WHAT TO DO » Only the lines from the line containing "Satan Typographic Face T-shirt White / S" to the end of the material belong in the copy; set them down exactly, without pictures.
*** Opening of SUPPLIED MATERIAL ***
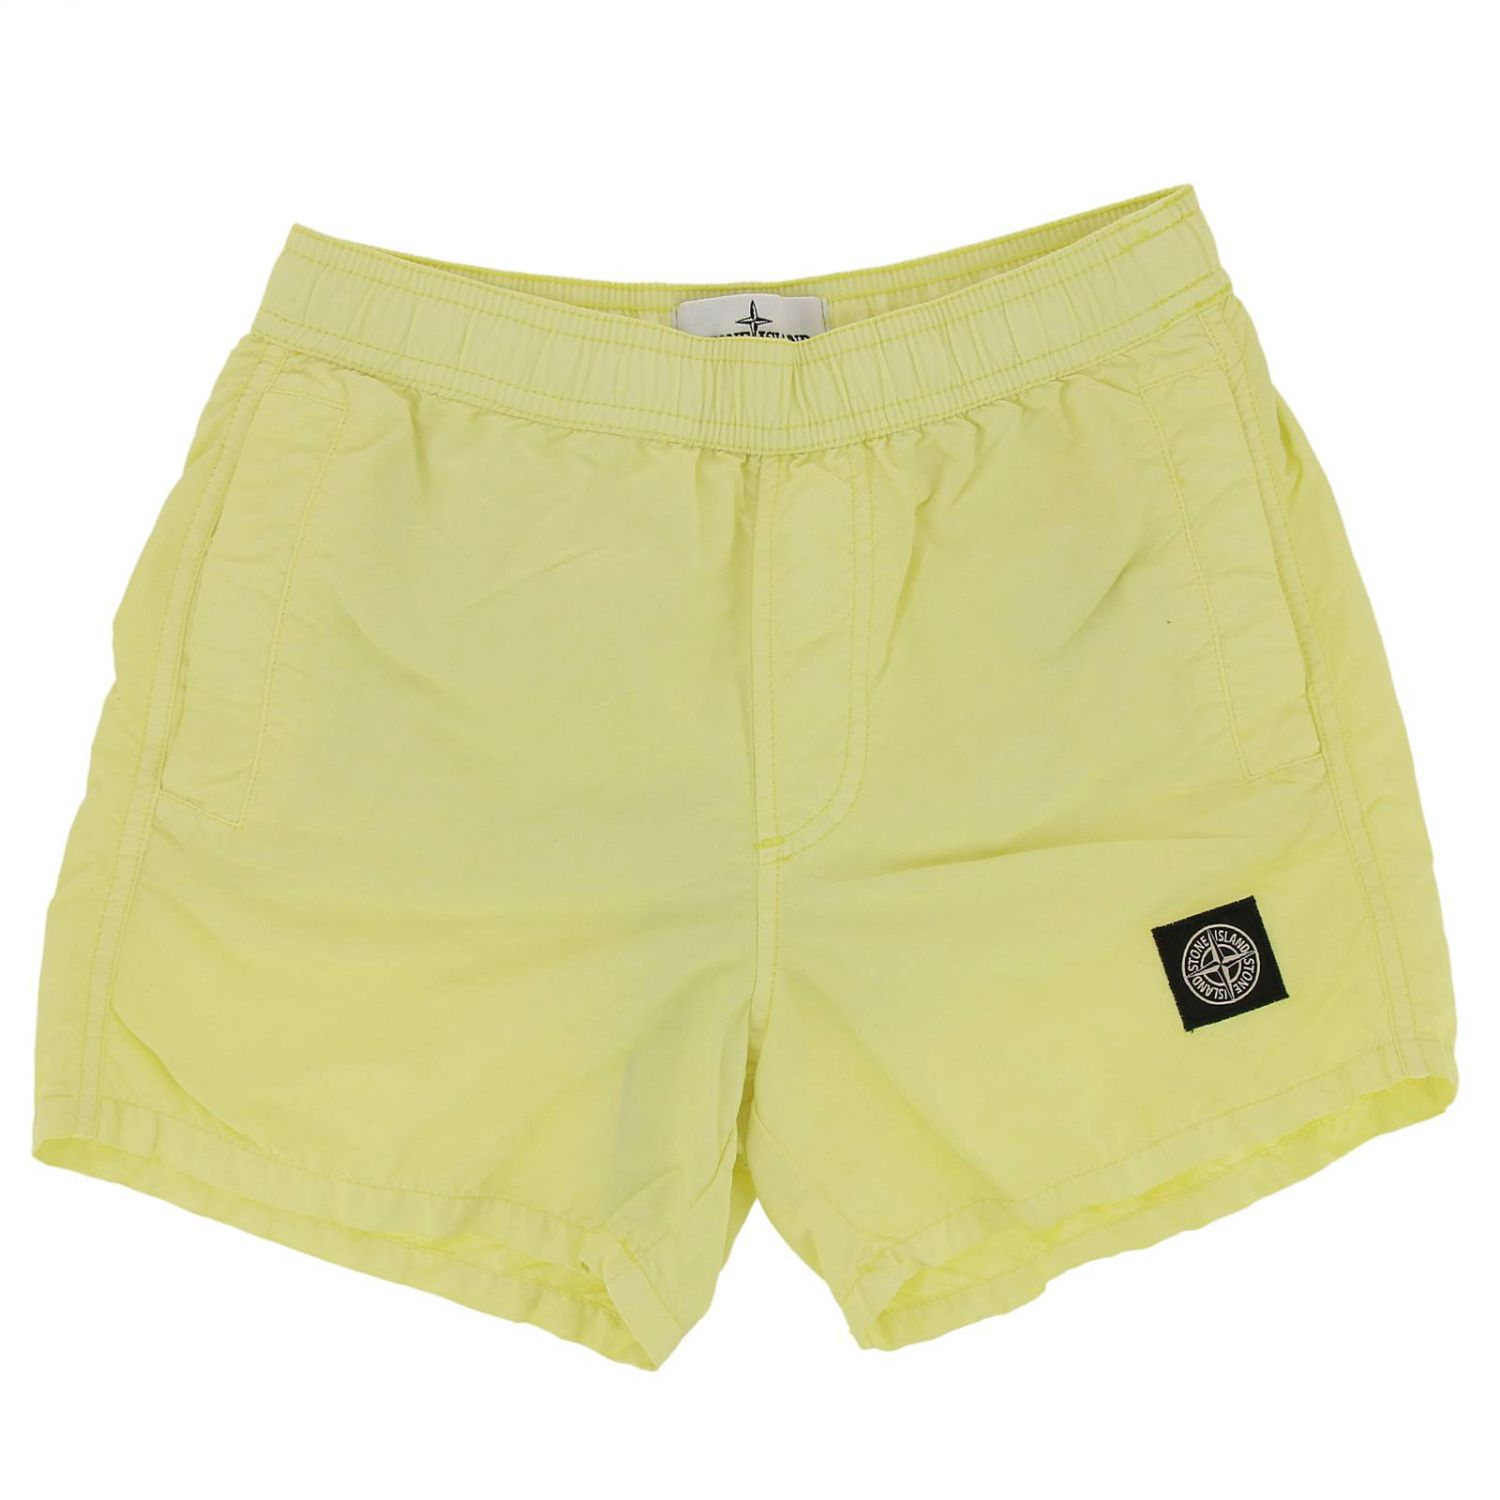 STONE ISLAND JUNIOR: Shorts kids Stone Island - Lemon | Shorts Stone ...
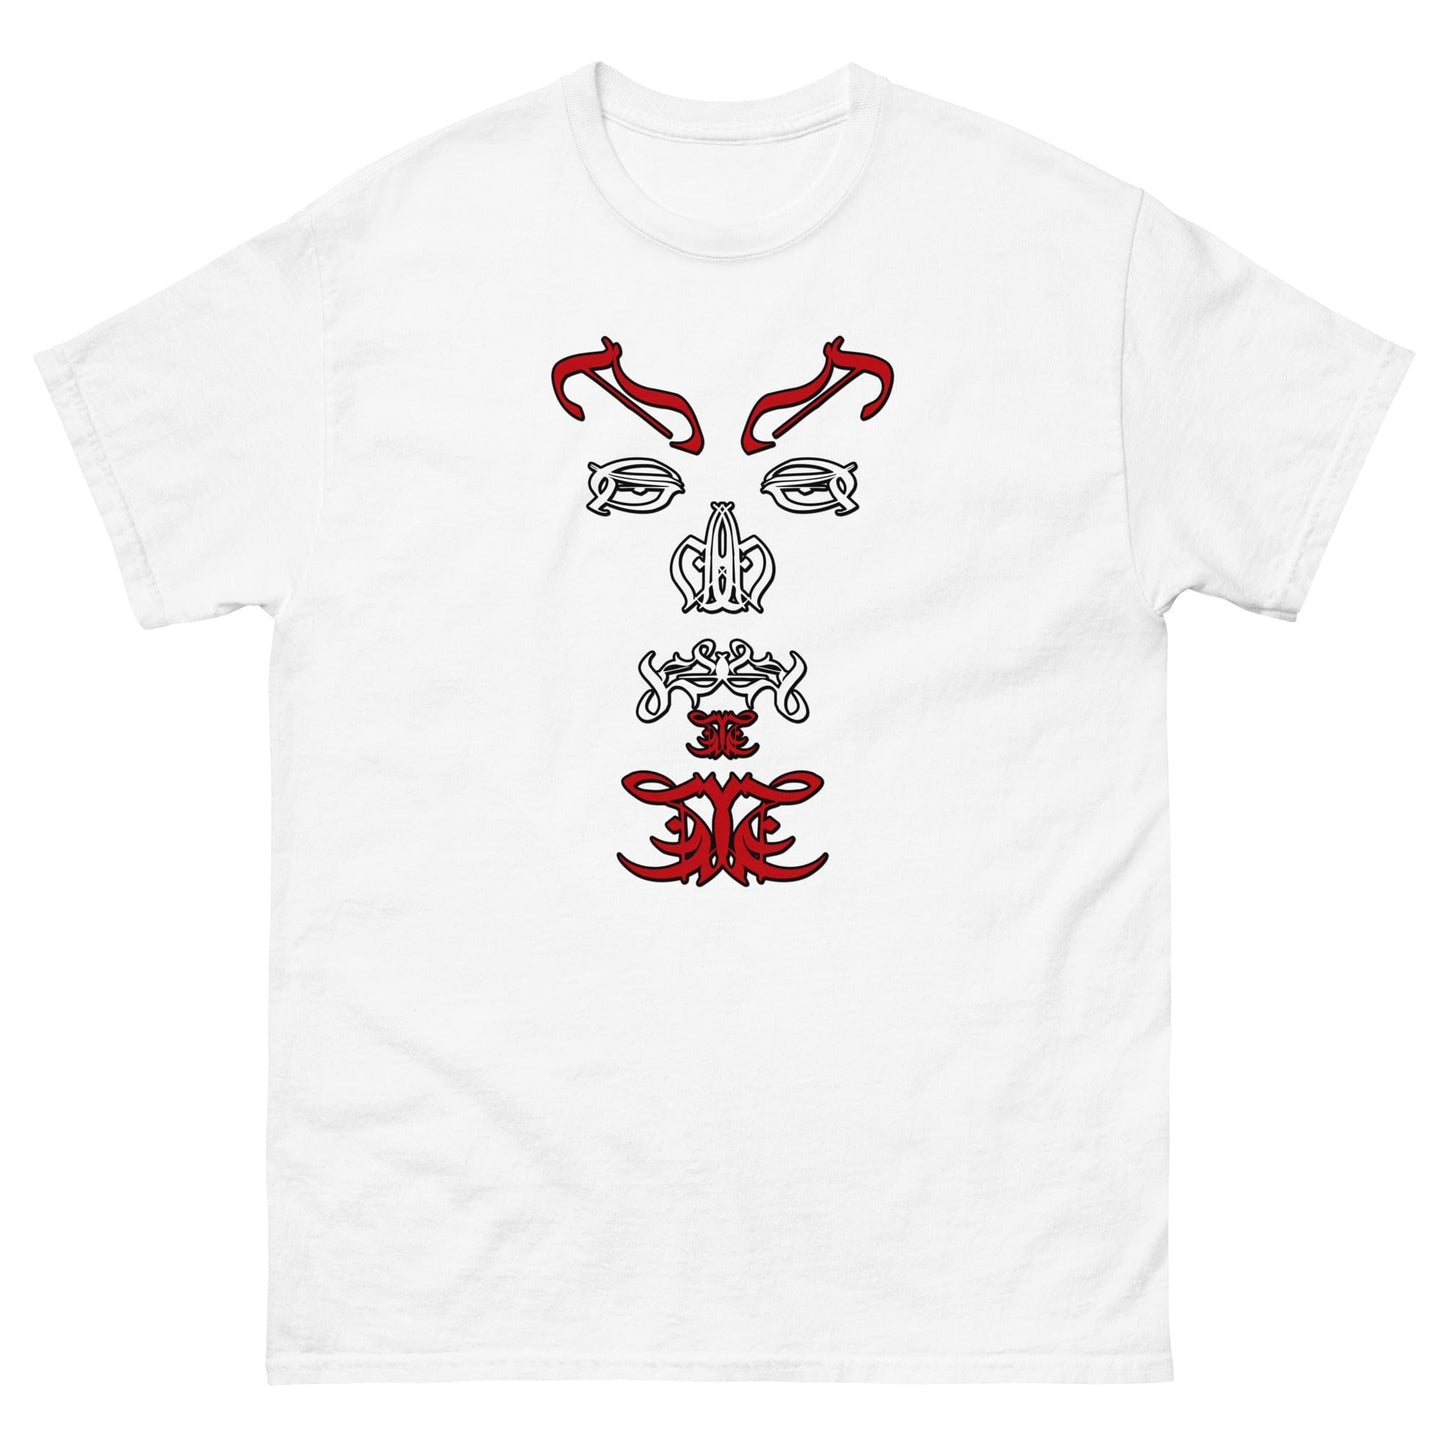 Satan Typographic Face T-shirt White / S
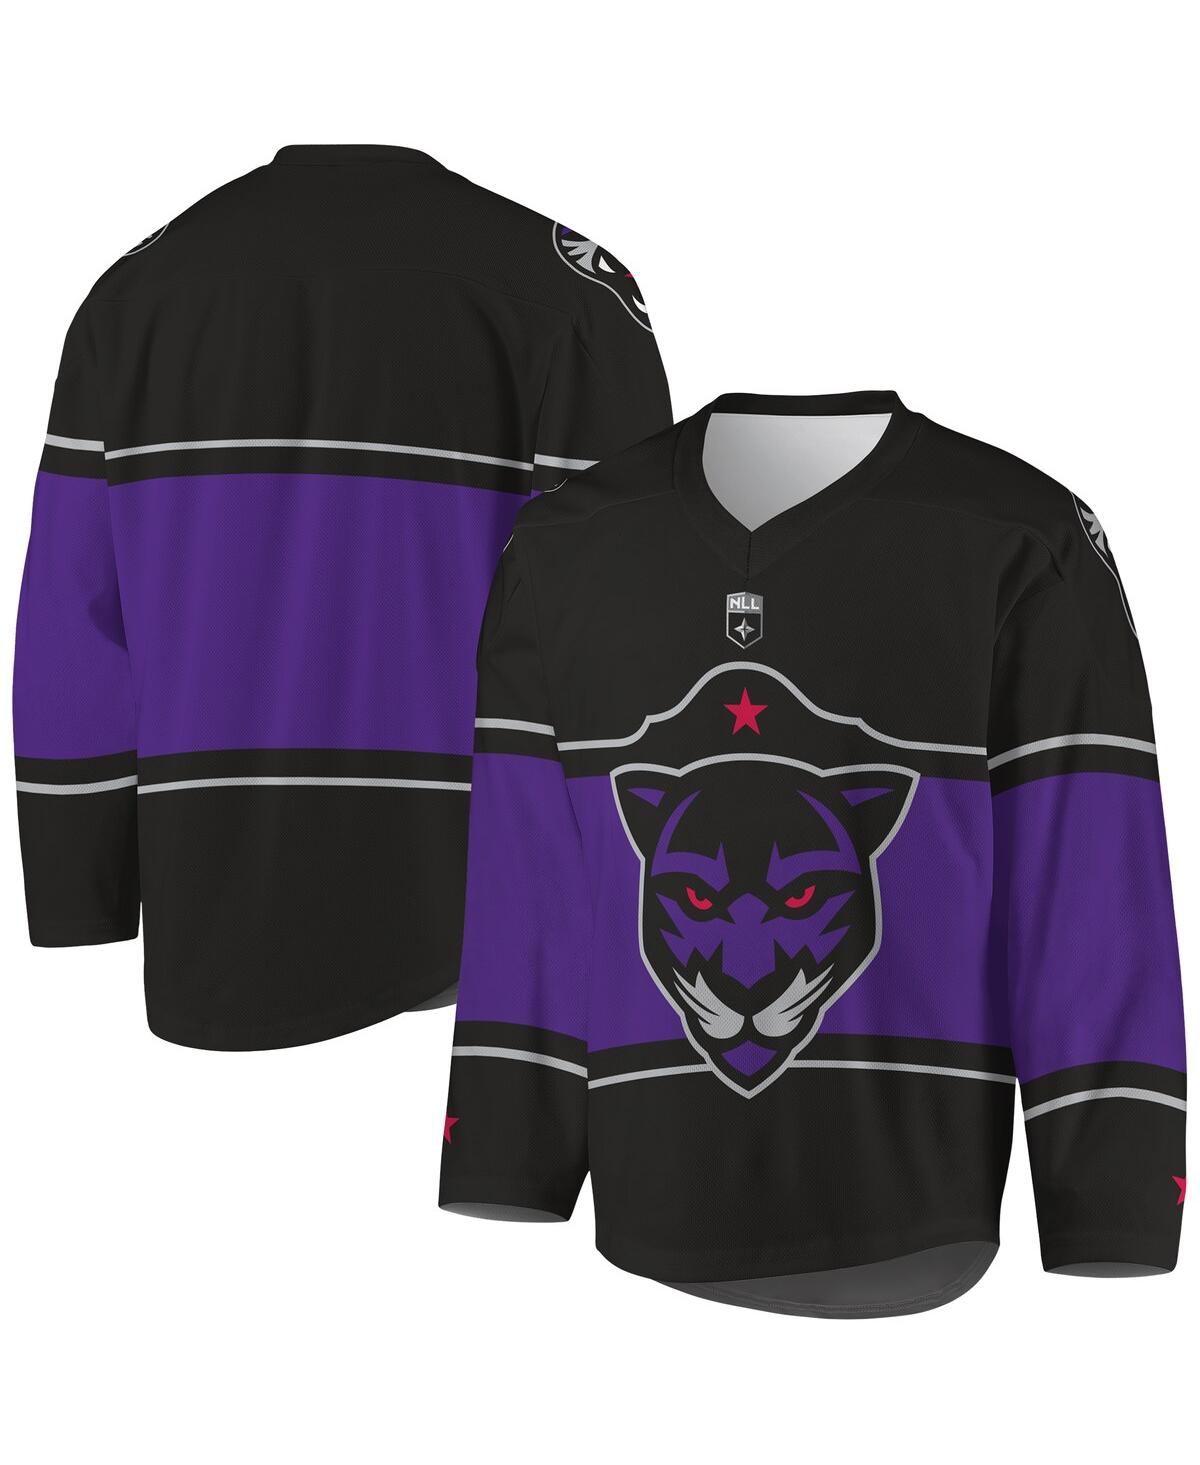 Men's Black and Purple Panther City Lacrosse Club Replica Jersey - Black, Purple
*** Close of SUPPLIED MATERIAL ***
EXERCISE ANSWER »
 Satan Typographic Face T-shirt White / S
 Men's Black and Purple Panther City Lacrosse Club Replica Jersey - Black, Purple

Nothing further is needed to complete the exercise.